If you are returning more than one summary column and have different replacement values, use a named list.
```{r}
na_replace <- list(
n_significant = 0,
paper_type = "unknown"
)
```
### Traffic Light
The traffic lights are used in single-paper reports to give a quick visual overview of the module results. There are 6 kinds of traffic lights:
`r emojis$tl_green` no problems detected;
`r emojis$tl_yellow` something to check;
`r emojis$tl_red` possible problems detected;
`r emojis$tl_info` informational only;
`r emojis$tl_na`️ not applicable;
`r emojis$tl_fail`️ check failed
You will need to write some code to determine which traffic lights apply to your case. If you don't include a traffic light, but do include a `table` in the returned list, the following rule will be applied for the traffic light. The failed traffic light will be automatically applied if your code produces an error.
```{r, eval = FALSE}
## traffic light ----
# displayed in reports, possible values:
# green: no problems detected
# yellow: something to check
# red: possible problems detected
# info: informational only
# na: not applicable
# fail: check failed
tl <- if (nrow(table)) "info" else "na"
```
### Summary Text
The reports begin with a summary of each module, showing the traffic light, the module name, and a short summary of the results.

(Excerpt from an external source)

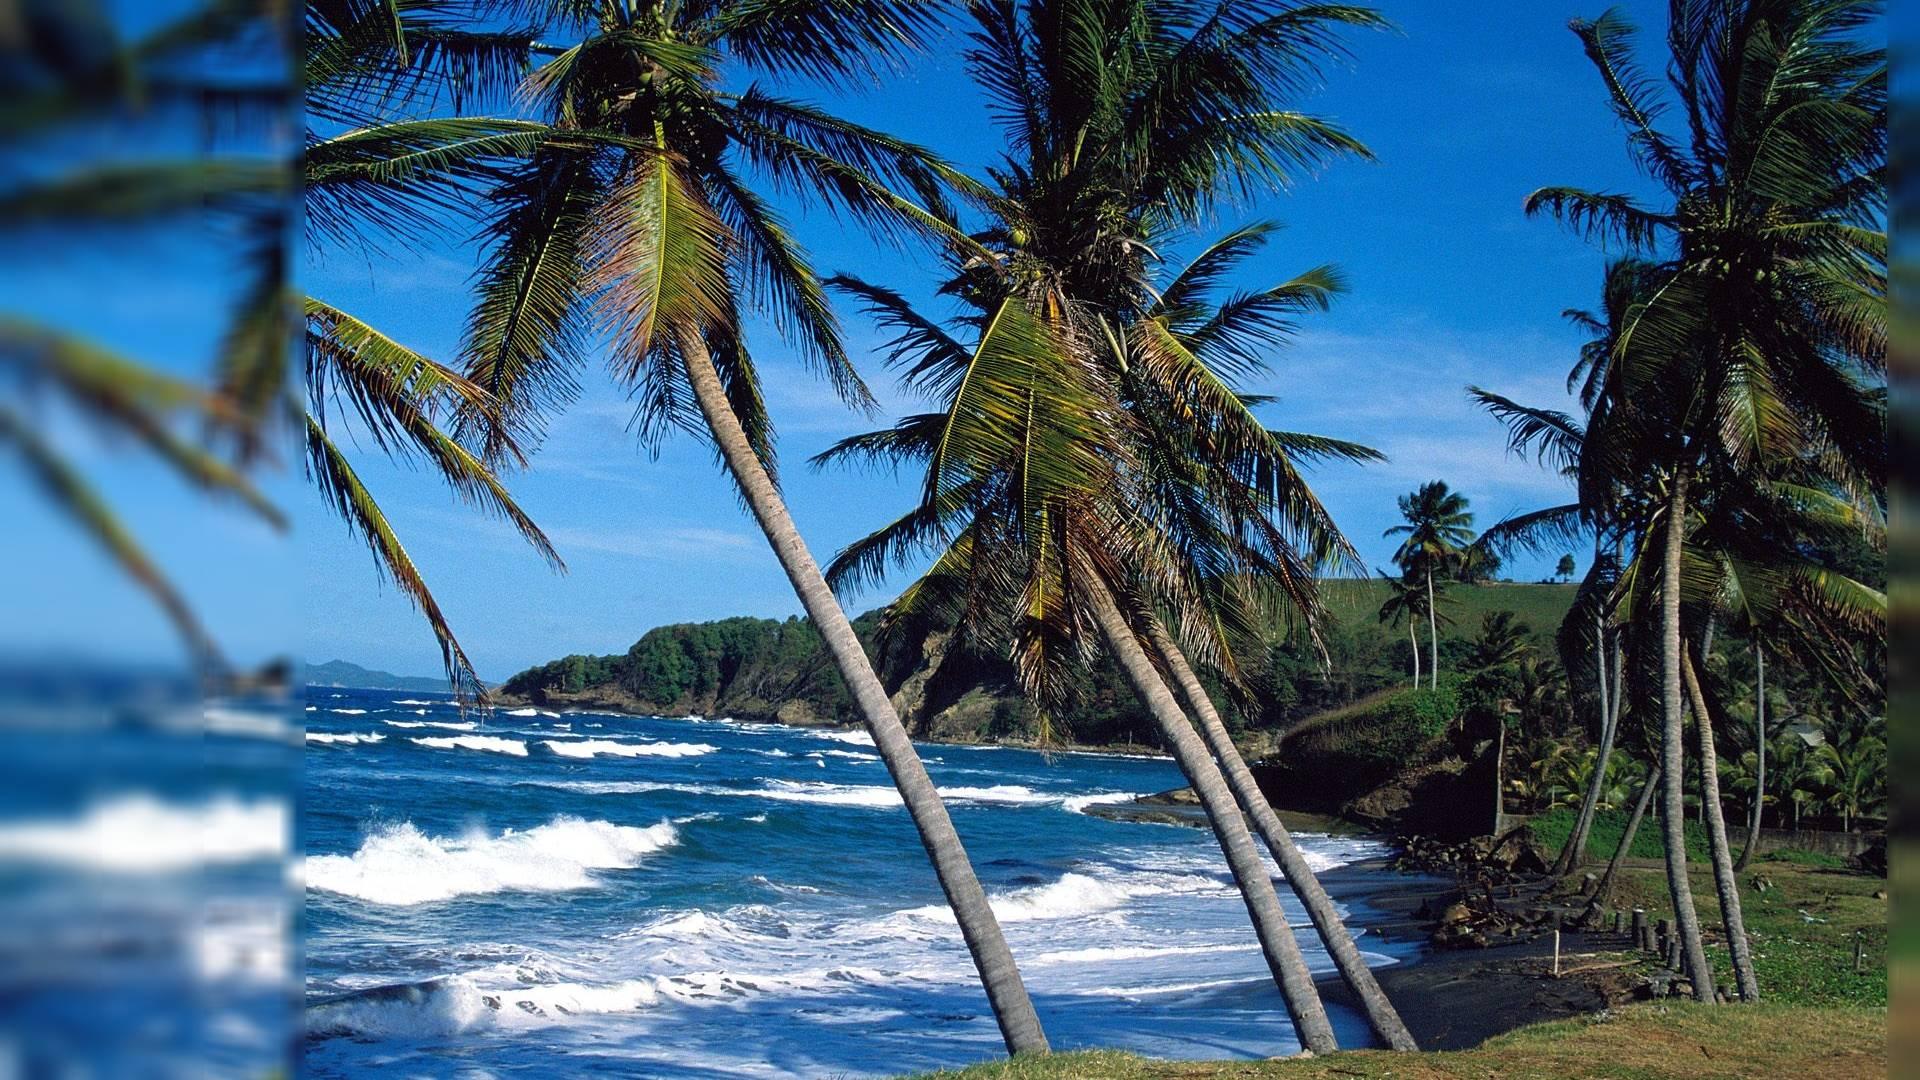 48 free maxine wallpapers for desktop on wallpapersafari - Free palm tree screensavers ...
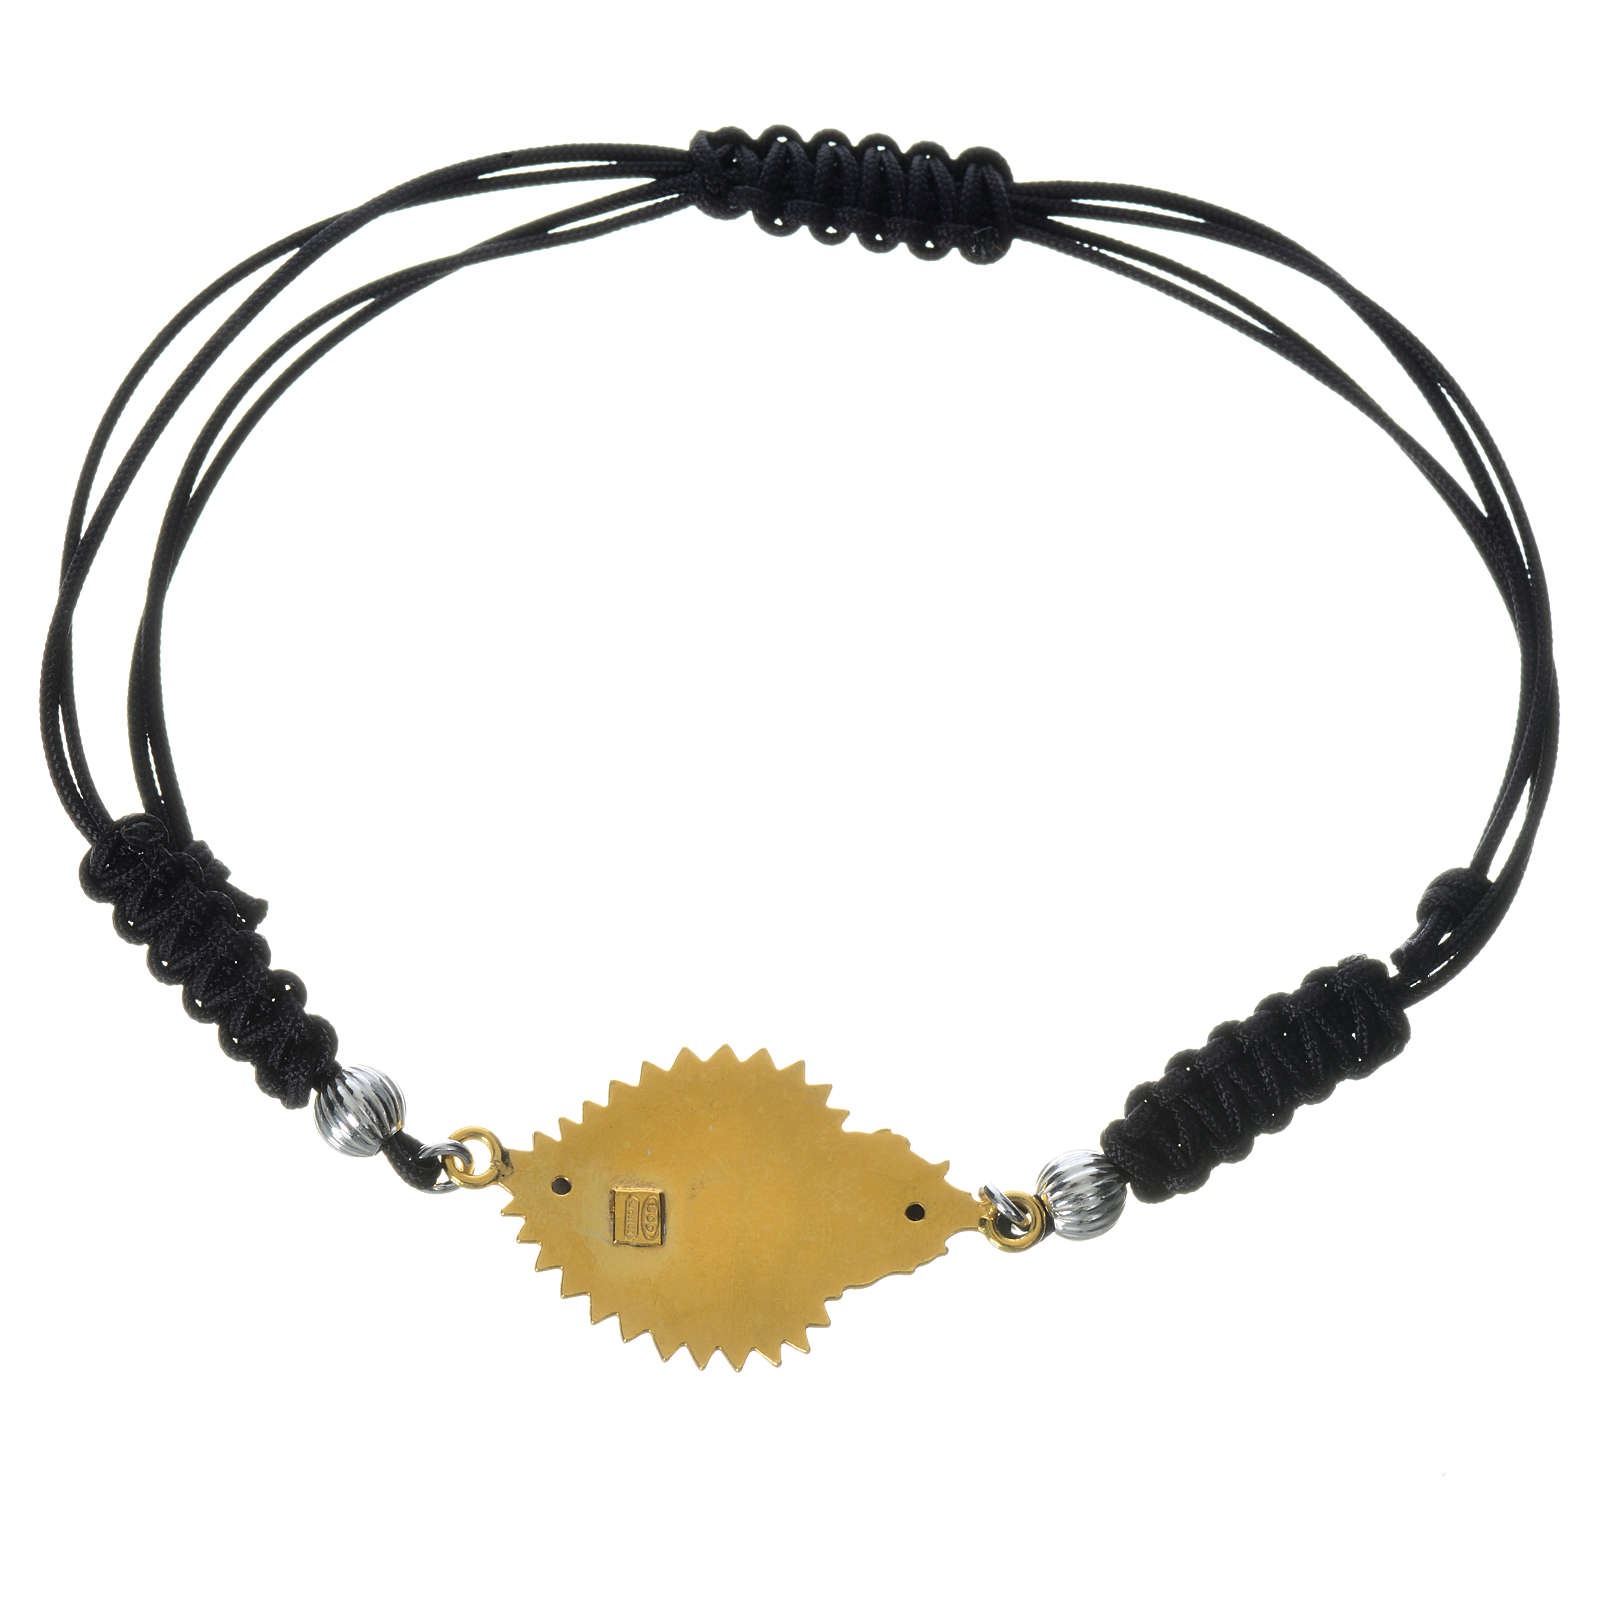 Bracelet with Exvoto heart in 925 silver 4

The returned item `summary_text` provides this text. You will usually want to customise the summary text for the traffic light or other aspects of the results, such as the number of instances of a practice found and the number that might be problematic.
```{r, eval = FALSE}
## summary_text ----
# short text to be displayed at the top of reports
# may be unique for each possible traffic light
summary_text_options <- c(
na = "Not applicable",
info = "This table is provided for your information",
red = "This is a potential problem",
yellow = "There may be a problem",
green = "No problems found",
fail = "The check failed, sorry"
)
summary_text <- summary_text_options[[tl]]
```
### Report
Reports need to explain concepts or give resources for further learning. This is often specific to the outcome of a check.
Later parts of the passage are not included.